- Kapedo Location within Kenya
- Coordinates: 1°10′N 36°06′E﻿ / ﻿1.17°N 36.1°E
- Country: Kenya
- County: Turkana County
- Time zone: UTC+3 (EAT)
- Climate: BSh

= Kapedo =

Kapedo is a trading center in the Turkana East sub-county of Turkana County, in Kenya's former Rift Valley Province. It is a 5-hour drive from Nakuru town.

Administratively, it is headed by a chief (National Government), to be assisted by a village administrator (recruited by the County Government of Turkana).

The village lies to the West of Mount Silale on the floor of the Great Rift Valley at the head of the Suguta Valley.

The Suguta River emanates from hot springs just east of the village, and is joined by the Suguta River flowing from the West and drains to the North.

The village, occupied by Turkana people, is in a hot semi-desert area. Most houses are semi-permanent, made of iron sheets on the roof and mud on the walls. There are also houses made of mud and palm leaves. However, due to the prospective LAPPSET, the village has a number of permanent houses.

Kapedo is a trading center with a few shops selling basic goods such as flour, tea, sugar and kerosene.

There is very little agricultural land, so the people mainly depend on raising goats, and sheep.
Conflicts create risk in herding.

The village is home to four learning institutions: Kapedo Mixed Boarding Primary School, Kapedo Girls Primary School, Lomelo Primary and the Kapedo Mixed Secondary School, which was built by the late former MP Francis Ewoton Achuka in 2002 and has a staff of eight, mostly BOM teachers over 180 pupils. The capacity of the school is much higher but few students can afford even the modest fees.

As of 2011, the Kapedo Sub-County Hospital had 28 beds and four cots. It provided in-patient and out-patient services related to maternity, HIV and tuberculosis. Insecurity from the neighboring Pokot has rendered the facility an in-patient only and emergency cases are referred to Nakuru or Eldoret.

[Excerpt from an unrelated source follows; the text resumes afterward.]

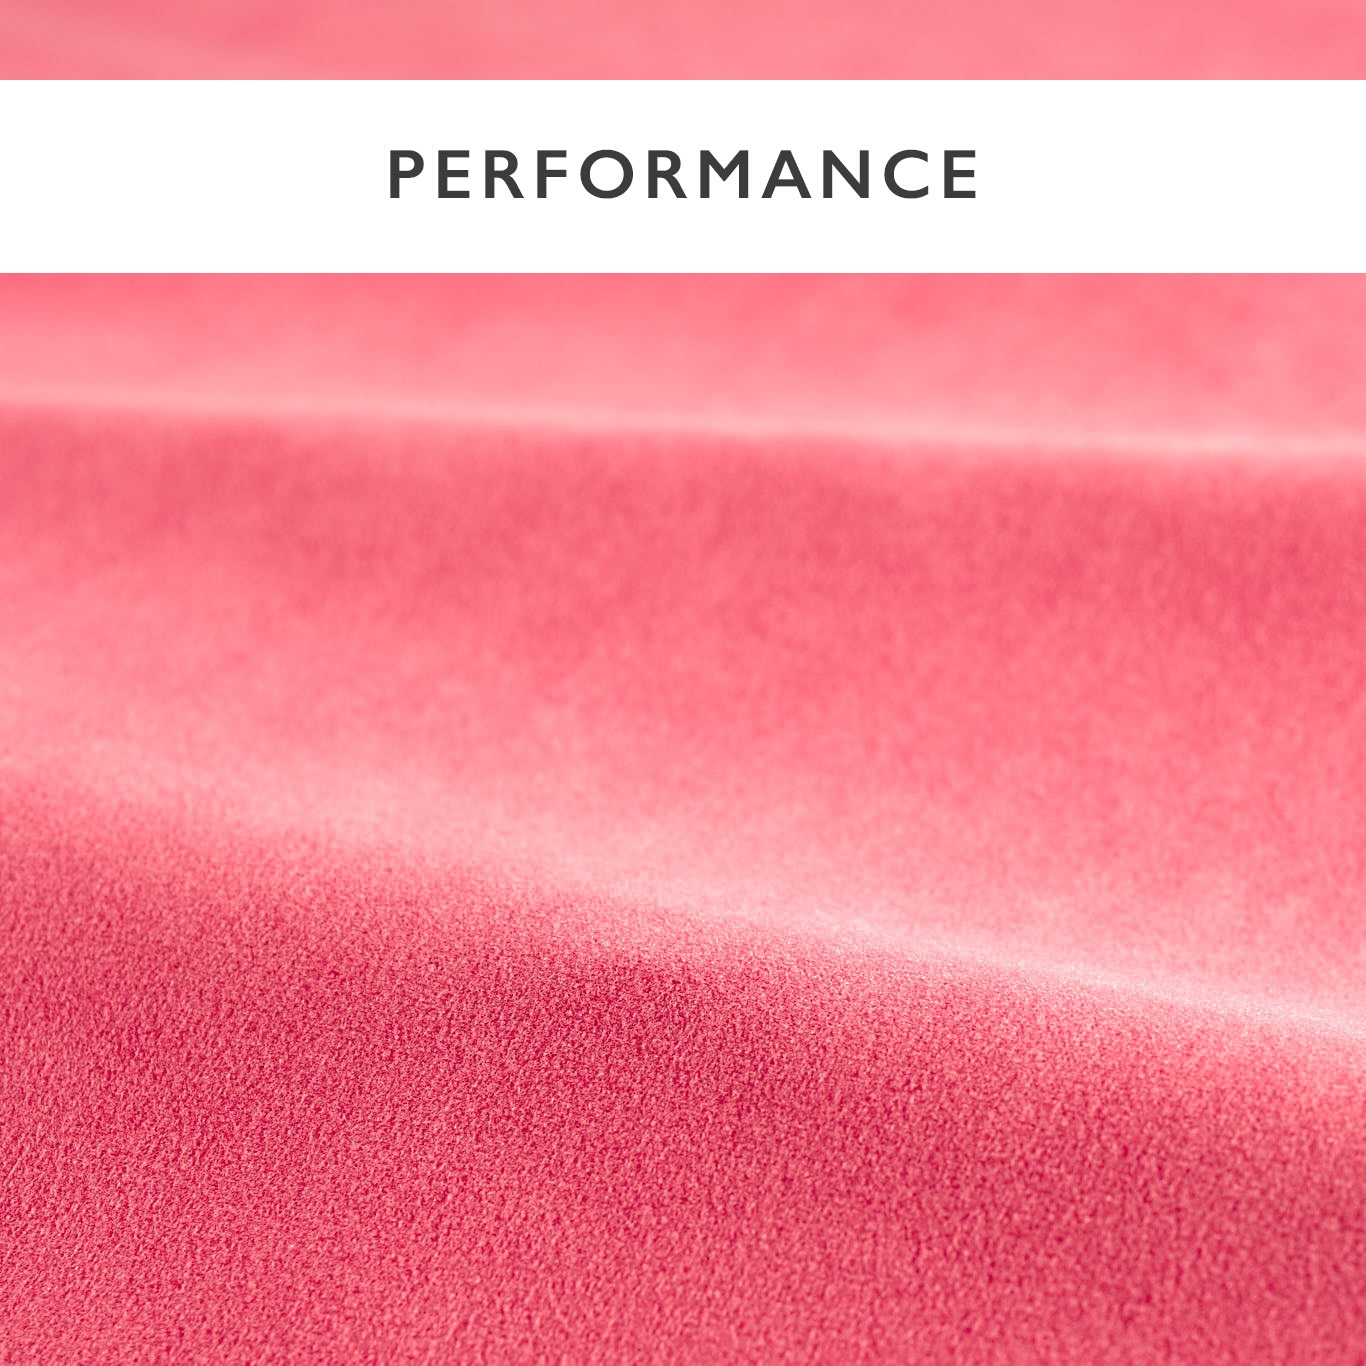 Performance Velvets Coral Fabric By Harlequin
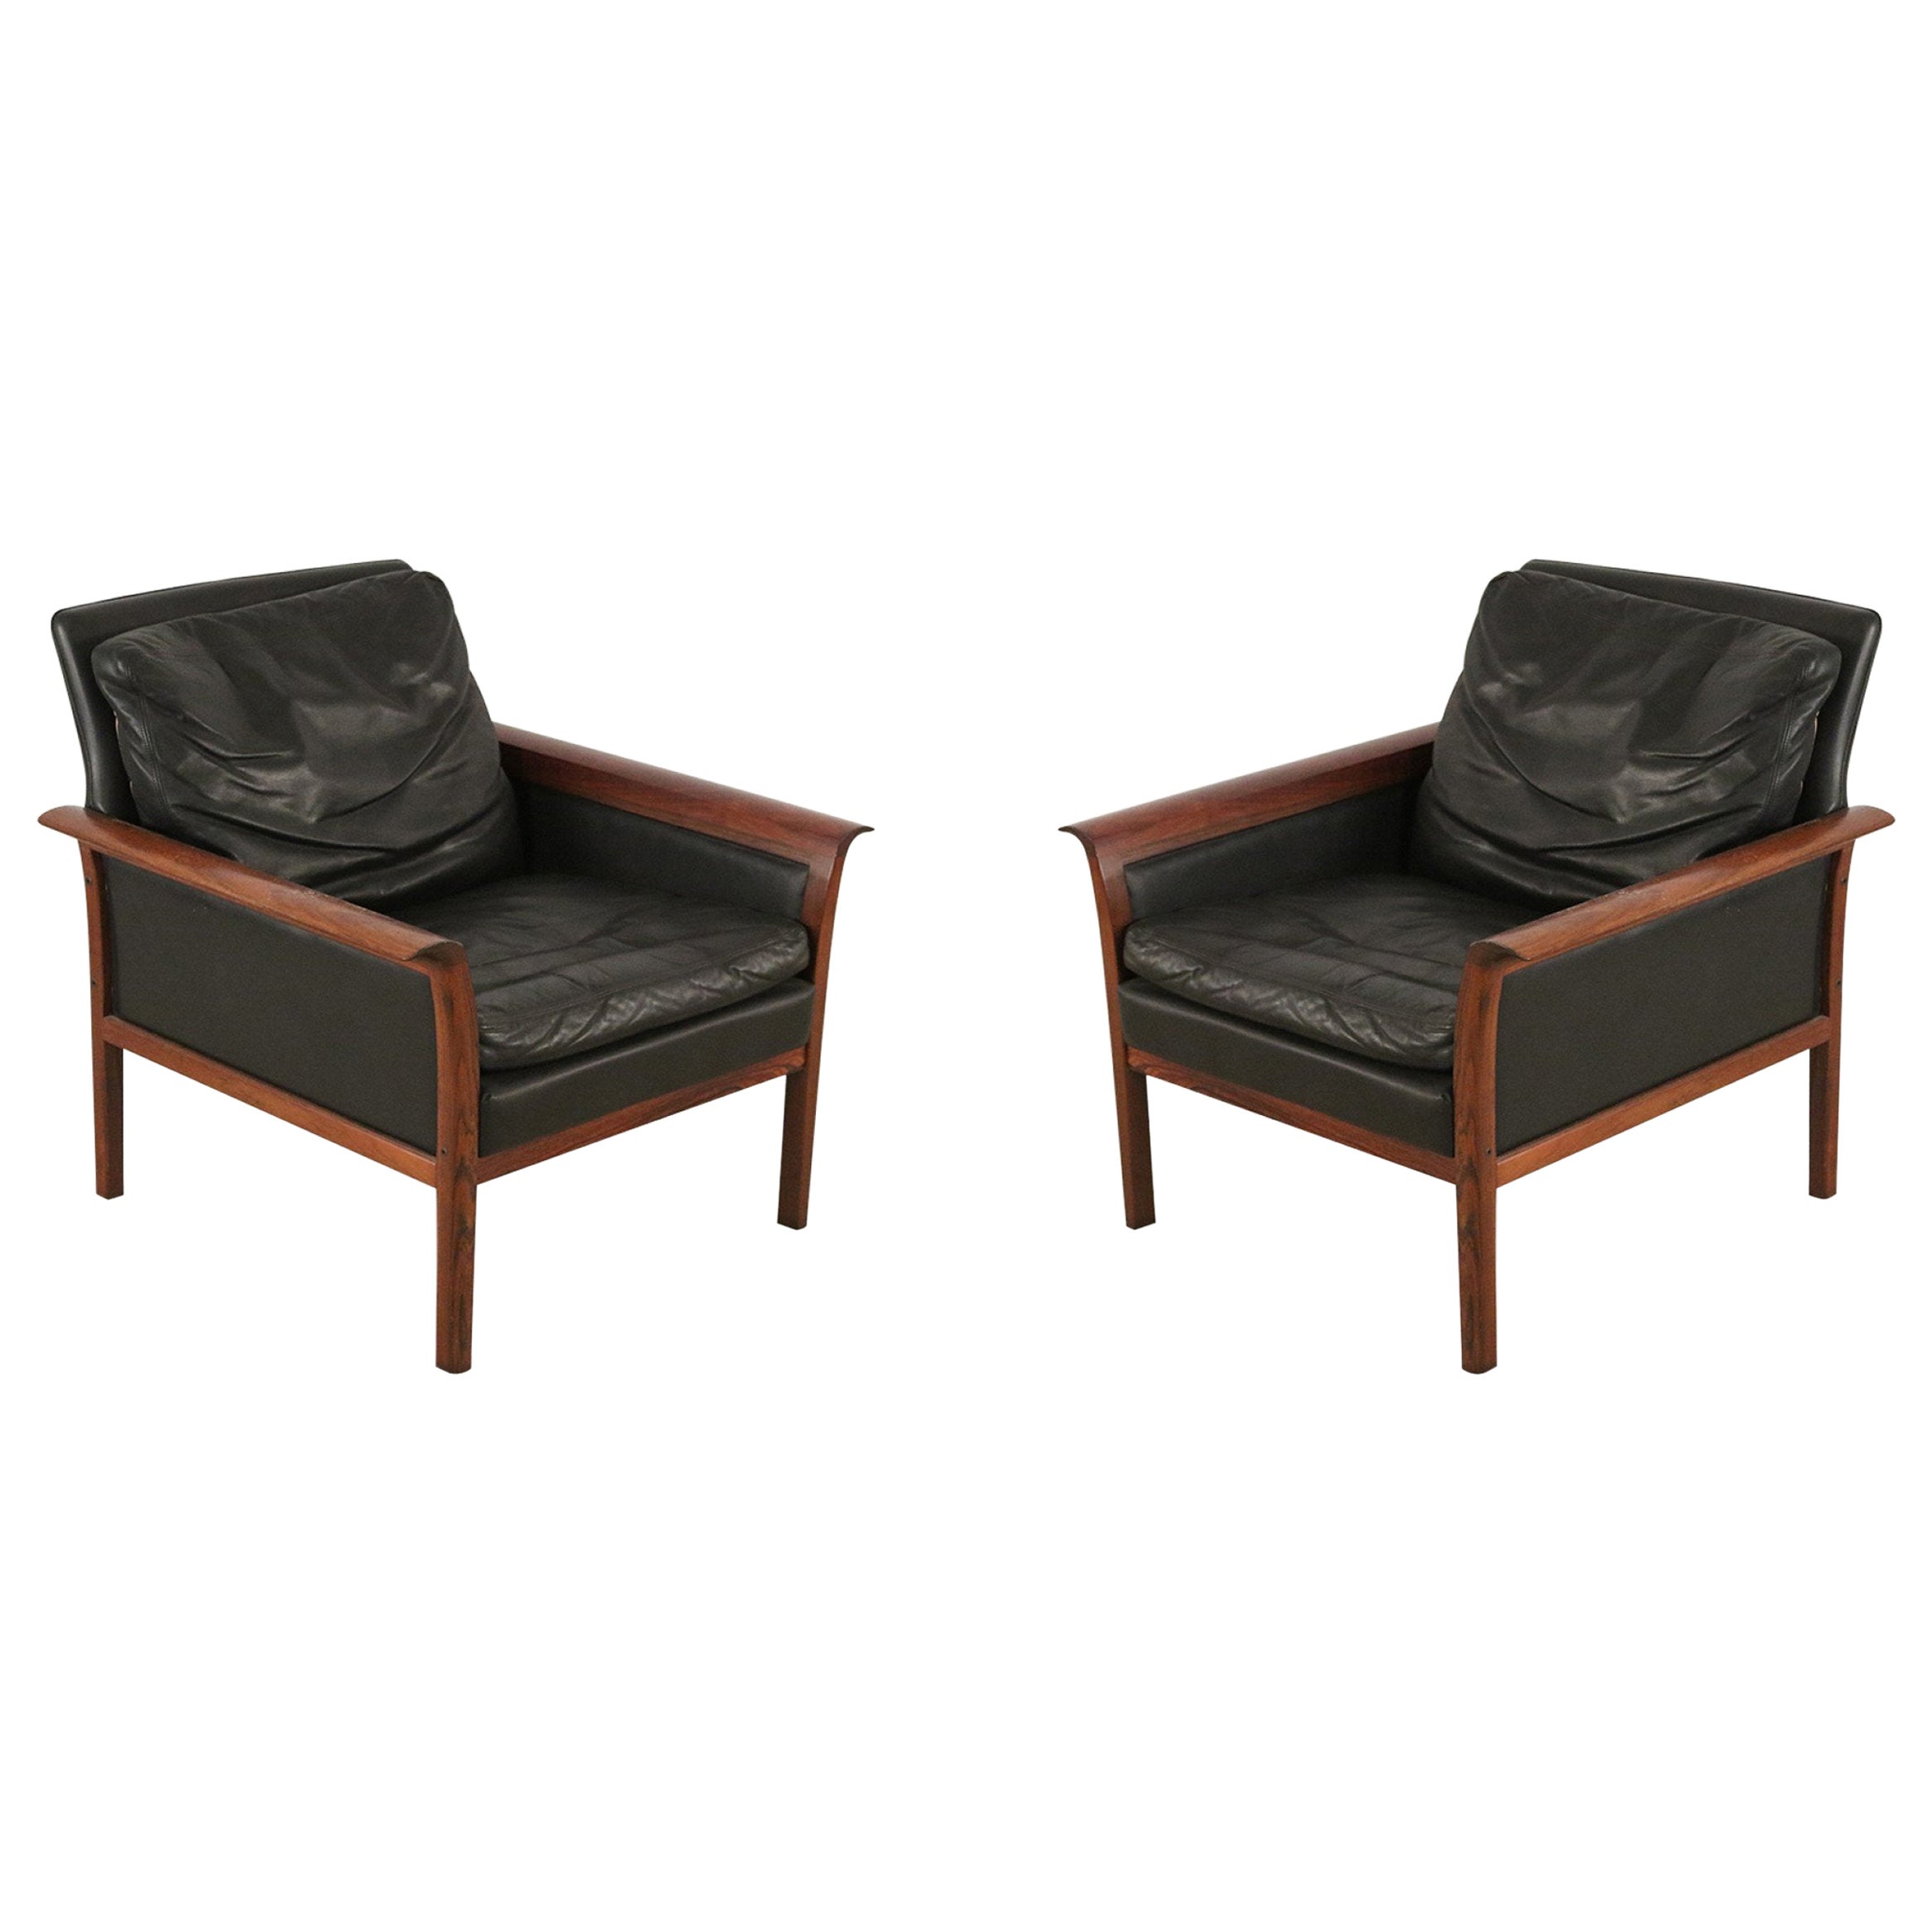 Pair of Knut Saeter for Vatner Mobler Mid-Century Norwegian Leather and Rosewood

Kapedo has high potential but it is limited mostly due to the defunct hydro-electric power plant that has been desolate for years since the departure of the Finnish missionaries. The 'mission' coined for the Kapedo Mixed Primary School, Hospital, Full Gospel Church, the garage and the guest house were heavily hit after the redundancy of the HEP project.

Due to insecurity from the neighboring Pokot community from Tiaty sub-county in Baringo county, and being a border village, Kapedo is a host to a platoon of the General Service Unit and an Administration Police camp.